Casual Causal Inference

Solving Simpson’s Paradox

Understand a key toy example in causal inference

Aleix Ruiz de Villa

Published in

Towards Data Science

6 min readFeb 20, 2019

This is the fourth post on a series about causal inference and data science. The previous one was “Observing is not intervening”.

Simpson’s paradox is a great example. At first, it challenges our intuition, but then, if we are able to dissect it properly, gives a lot of ideas about how to handle analysis of observational data (data that hadn’t been obtained through a well-designed experiment). It appears in many data analysis. We will walk through it using the well-known case of kidney stones. The techniques explained here can be found in detail in Pearl’s et al “Causal Inference in Statistics: A Primer”.

Kidney stones example

In a hospital, a doctor was dealing with kidney stones. She had two treatments, say A and B. She distributed both among her patients in half (350 for A and 350 for B) and measured each treatment’s success. The results can be found in the following table:

Clearly, treatment B was the best. The job was done and she could go home. But…wait! She knew she had more information and wanted to have a look at it, just in case…She also had the size of the stones and maybe this information was relevant. Then she came up with this table:

Hmmm… For small stones A is better, for large stones A is better but aggregated B is better?! What the f@#*!!

What’s going on?

Then she recalled how patients had been selected. Once a new patient arrived, she had a guess on their stone. Treatment A was performing some kind of surgery while treatment B was basically giving them pills. She knew that giving pills to large stones was less effective, so the hard cases were assigned to treatment A. This process makes treatment comparison more difficult!

Using a graph we can show the data process as follows

The size affects both the treatment assignment and the chances of recovery. This is called confounding, because you cannot distinguish the effect of treatment from the size on the recovery.

Extreme group assignments

To understand how assignments can affect our conclusions, imagine these two made up extreme cases:

A receives only large stones while B receives only small ones
The other way round

As you can see, assigning all hard cases to A, makes A seem to be the least efficient while assigning all hard cases to B makes B seem to be the least efficient. Makes sense!

Interventions

The question we want to answer is the following: if the hospital had to choose only one treatment, which one would it be?

As we saw in the previous post “Observing is not intervening”, this can be expressed in a graph that represents the distribution we want to know.

This distribution would respond to the case we gave treatment A to everyone. Intervention on a variable is defined by removing its dependencies with respect to its antecessors (those variables it depends on). The main question in causal inference is whether we can make inferences about this new intervened distribution only having information from the data generating distribution.

Adjustment formula

The trick is the following: if we focus on small stones, then all the effect of recovery can be explained from the treatment, so we can measure its effectivity

We can do the same for large stones. But then how do we combine these two quantities? Well, in the way they had been assigned if size would have not affected the assignment of treatment.
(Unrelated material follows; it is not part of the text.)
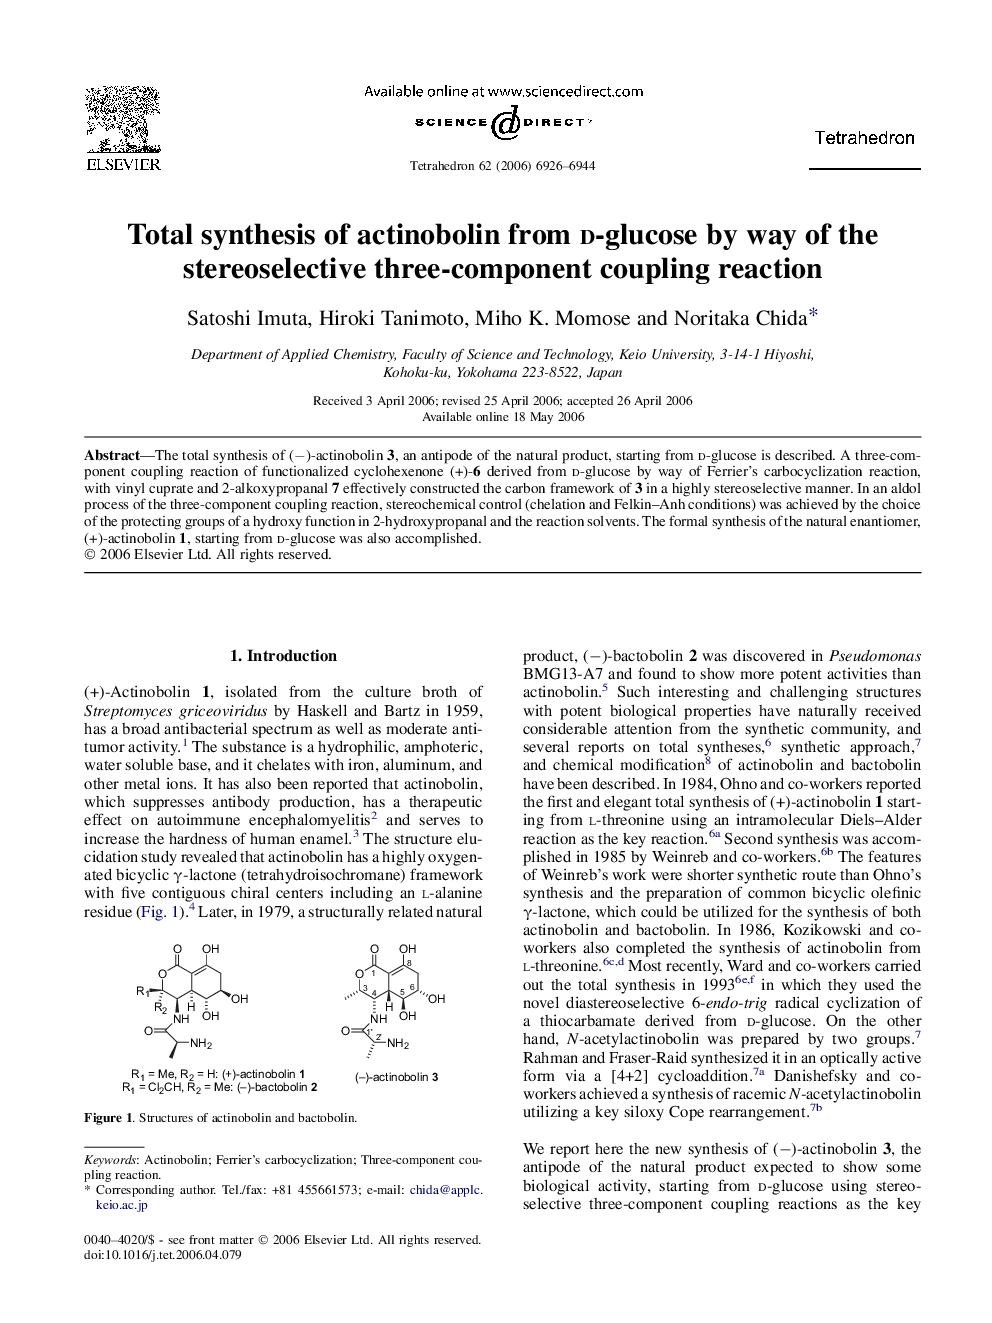 Total synthesis of actinobolin from d-glucose by way of the stereoselective three-component coupling reaction

That means we use the global distribution of stone sizes instead of using the distribution from treatment assignment.

As you can see, there is fairly the same number of large and small stones, while each treatment has an uneven distribution of sizes.

Writing this process down we get the so-called adjustment formula.
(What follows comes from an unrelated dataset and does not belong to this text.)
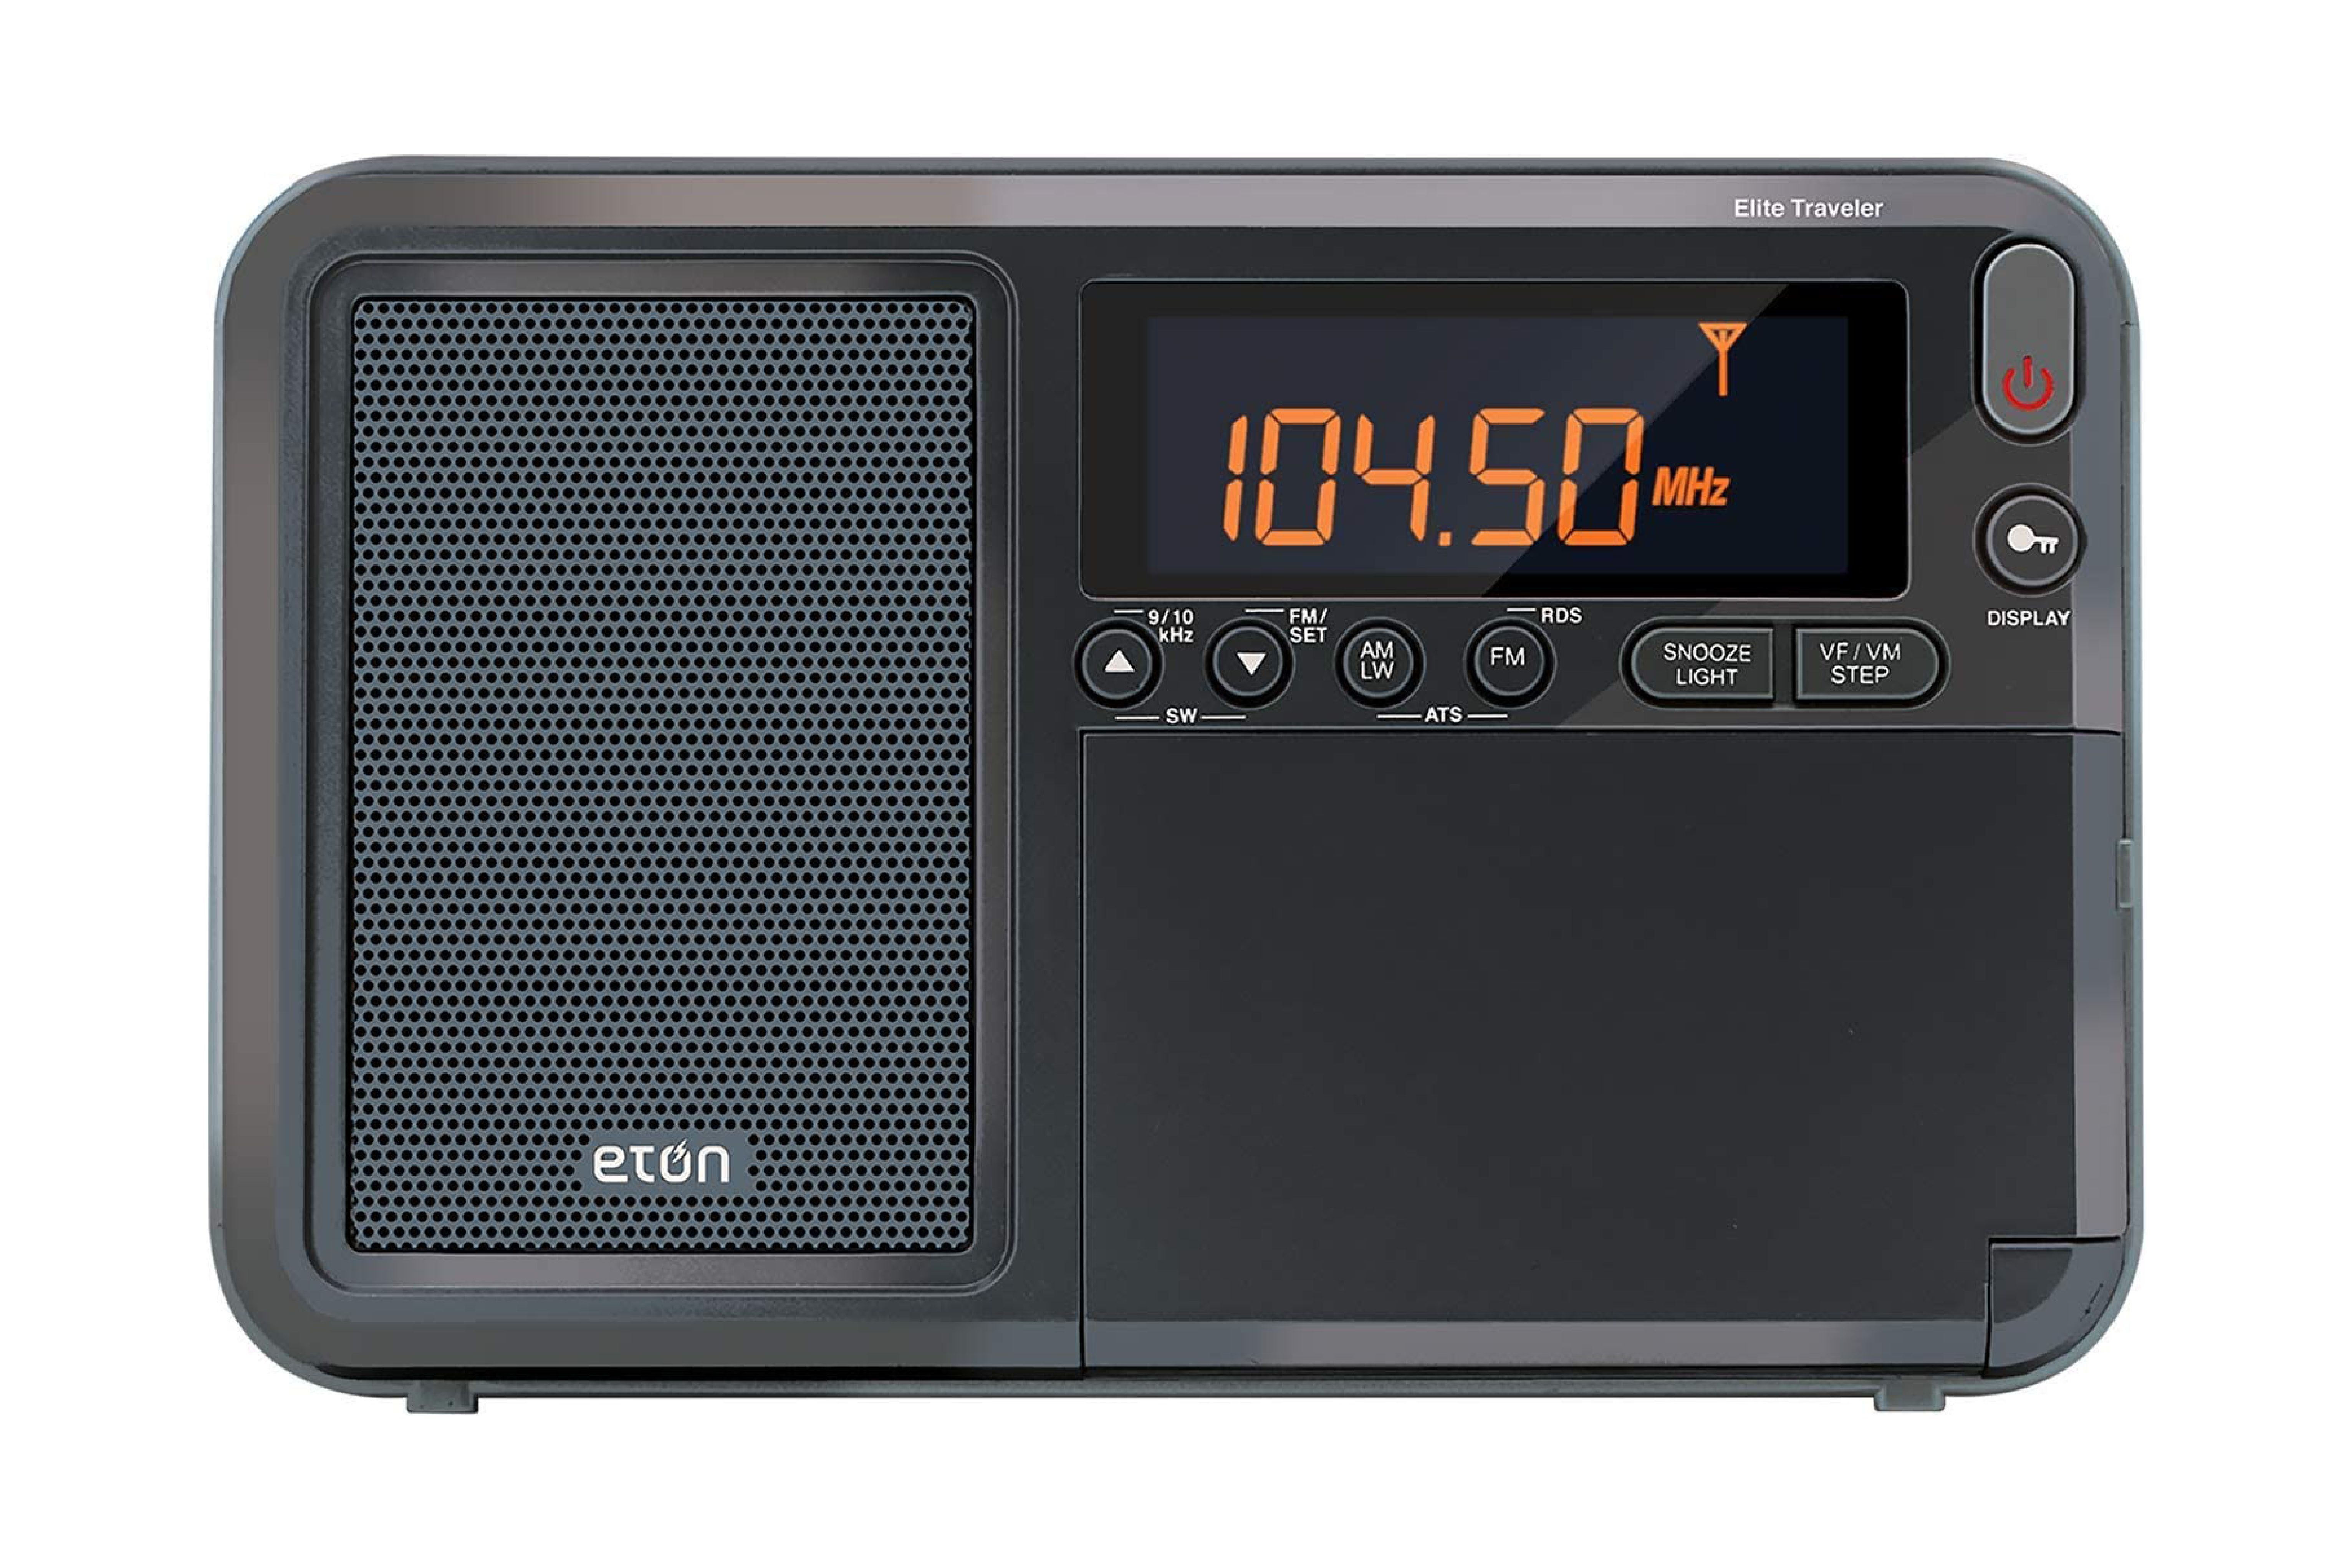 Portable AM FM Radio with LCD Display Digital AM FM Radio Plug in Wall Rechargeable USB Battery Operated Radio Small Portable Radios with Best Reception AM FM Battery Operated Kitchen Radio

P(R|A) = P(R|Small, A) * P(Small) + P(R|Large, A) * P(Large)

It can be seen (it is not straightforward, though) that this formula is precisely what we were looking for: calculating the probability of recovery in the interventional graph, but only using data obtained from the data generation graph.

The same can be done for treatment B and then compare the results.

We go from the initial ‘better B’ 3% up to a ‘better A’ 7%!!

Well then, let’s always adjust!

Not so fast…There are situations where adjustment will bring to wrong conclusions. In the example above, for measuring the effect of treatment, size becomes a “noisy thing” and we want to remove its effect. Think now in a different situation. Imagine you have treatments for some illness. Moreover, you know (because you measure it) that affects patients blood pressure. At the same time, you know (because you have seen it many times in your career) that blood pressure also affects your chances of recovery. In this case, you would have data generated in this way

Now treatment has a direct way and an indirect way to affect your recovery. But you are interested in both! You don’t want to remove any effect from it. The idea is that in this case, you don’t need to apply any adjustment because the direct measurements will give you the right quantity. Or equivalently, if you intervene on treatment (recall that means removing the dependencies on the causes of the treatments) you are getting the same graph, so you have to do nothing!

Conclusions

This simple example gives us strong conclusions on how to analyze causal effects in observational data.

Data does not speak on itself: the direct calculation may bring wrong conclusions
More data does not solve the problem: you could increase the number of patients and still get the same paradox!
Correlation is not enough: correlation is a symmetric function while causality is not. The latter has a clear directionality.
Different models lead to different conclusions: depending on the situation, we have to apply the adjustment formula or not, so having different conclusions. And this has been argued only using the graph!
Graphs are a great communication tool: we already saw it in “Use graphs!” and we confirm it once more!